AFTER eight years of studying their behaviours, diets, relationships as well as photographing their every visible move, Sue Mason gives the impression there are still more unknowns than knowns when it comes to a “community” of dolphins living in Port Phillip between Frankston and Dromana.
“There are always questions to be answered.”
Ms Mason’s interest in cetaceans (whales, dolphins and porpoises) dates back to when she and her husband John, spent three weeks each year for eight years – their Christmas holidays – as volunteer whale watchers in Hawaii for Earthwatch.
Like any good carer, Ms Mason is now checking the skins of the bay’s resident common dolphins by studying close-up photographs.
The condition of visible lesions is one of the few clues available to their overall health.
“They’re wild, so we can’t capture them if we want to treat or inject them,” Ms Mason, research director with the Hastings-based Dolphin Research Centre, said.
“If we do want to help, we have to come up with a non-invasive way of doing so.
“We need to manage for [dangerous] events.

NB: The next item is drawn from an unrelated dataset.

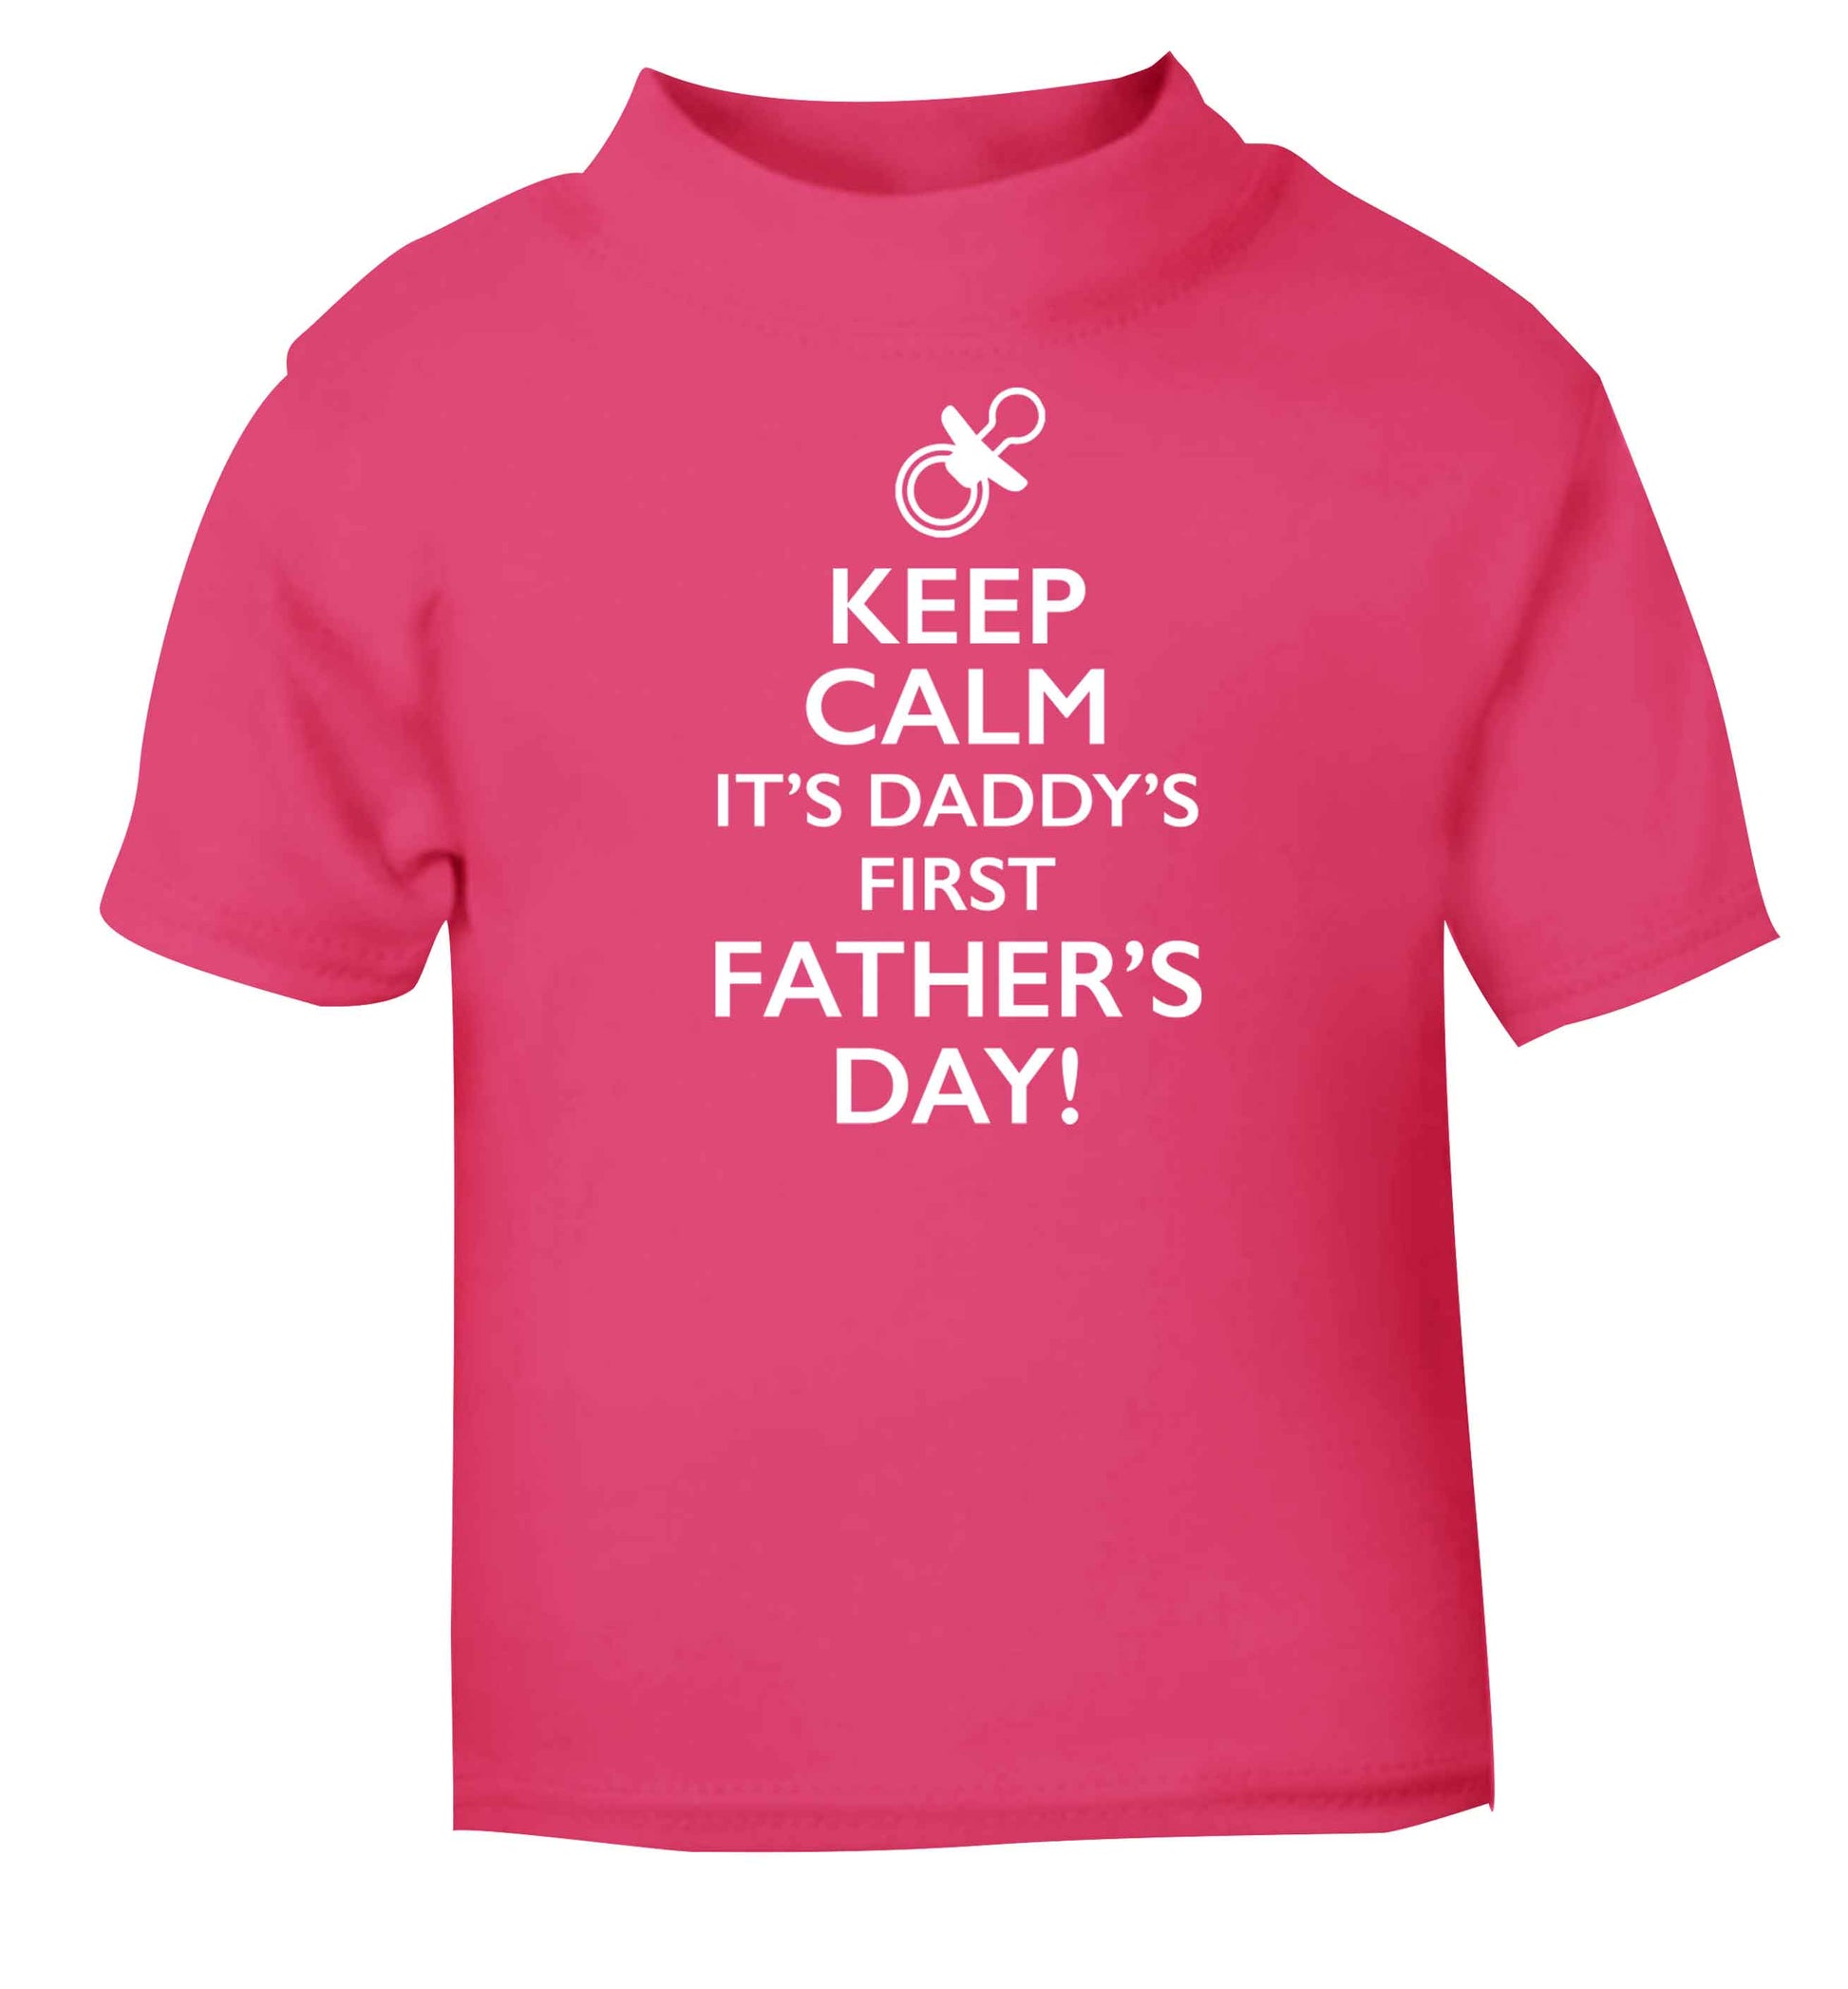 Keep calm it's daddys first father's day pink baby toddler Tshirt 2 Years

If we find the animals are distressed or ill we need to find the reasons for this.”
Her studies of the group of 30 short-beaked common dolphins that resides along the bay’s mid-eastern shore are presented in a thesis she has just submitted for evaluation and which also forms the backbone of an article recently published in the Royal Society’s Open Science journal.
Without being able to examine individual dolphins or take samples, Ms Mason believes most are healthy “because the bay’s pretty healthy”.
Just last month a colleague in Scotland showed Ms Mason photographs of lesions on dolphins in her research area which showed “the ones on our dolphins aren’t anywhere near that bad”.
“Some of our dolphins have the scars, possibly from boat propellers, so it is critical to be aware of them and follow the marine mammal regulations [which stipulate] vessels shouldn’t deliberately approach dolphins closer than 100 metres, or 300 metres for a jet ski.”
Other environmental conditions which could adversely affect dolphins include salinity, water temperature “and they can be quite rough on one another”.
Ms Mason said her studies had shown that the common dolphins, usually found in the open sea, lived permanently in the bay.
“Common dolphins normally live in offshore waters, so it is something to treasure having them take up residence in the shallow and comparatively enclosed waters between Mt Martha and Mt Eliza,” Ms Mason said.
She said the bay also has a larger, maybe 120 strong, community of bottlenose dolphins, although there was evidence that some of these larger animals went into the open sea and around to Western Port.
Ms Mason and her team have been monitoring the common dolphin community since 2007 using the unique nicks and notches on their dorsal fins to identify and track the 30 or so individuals.
“It is remarkable that our bay now has resident communities of both bottlenose and common dolphins at a time when many locations around the world are losing their resident dolphins,” Ms Mason said.
The common dolphins which Ms Mason and her team watch from both land and sea are most visible close to shore in spring and autumn.
They believe deeper waters found along the Selwyn Fault near the shore also attract the fish on which the dolphins feed.
“We lose contact with the commons over summer. They may move out towards the centre of the bay following their food, but we’re also not out in the boat so much,” Ms Mason said.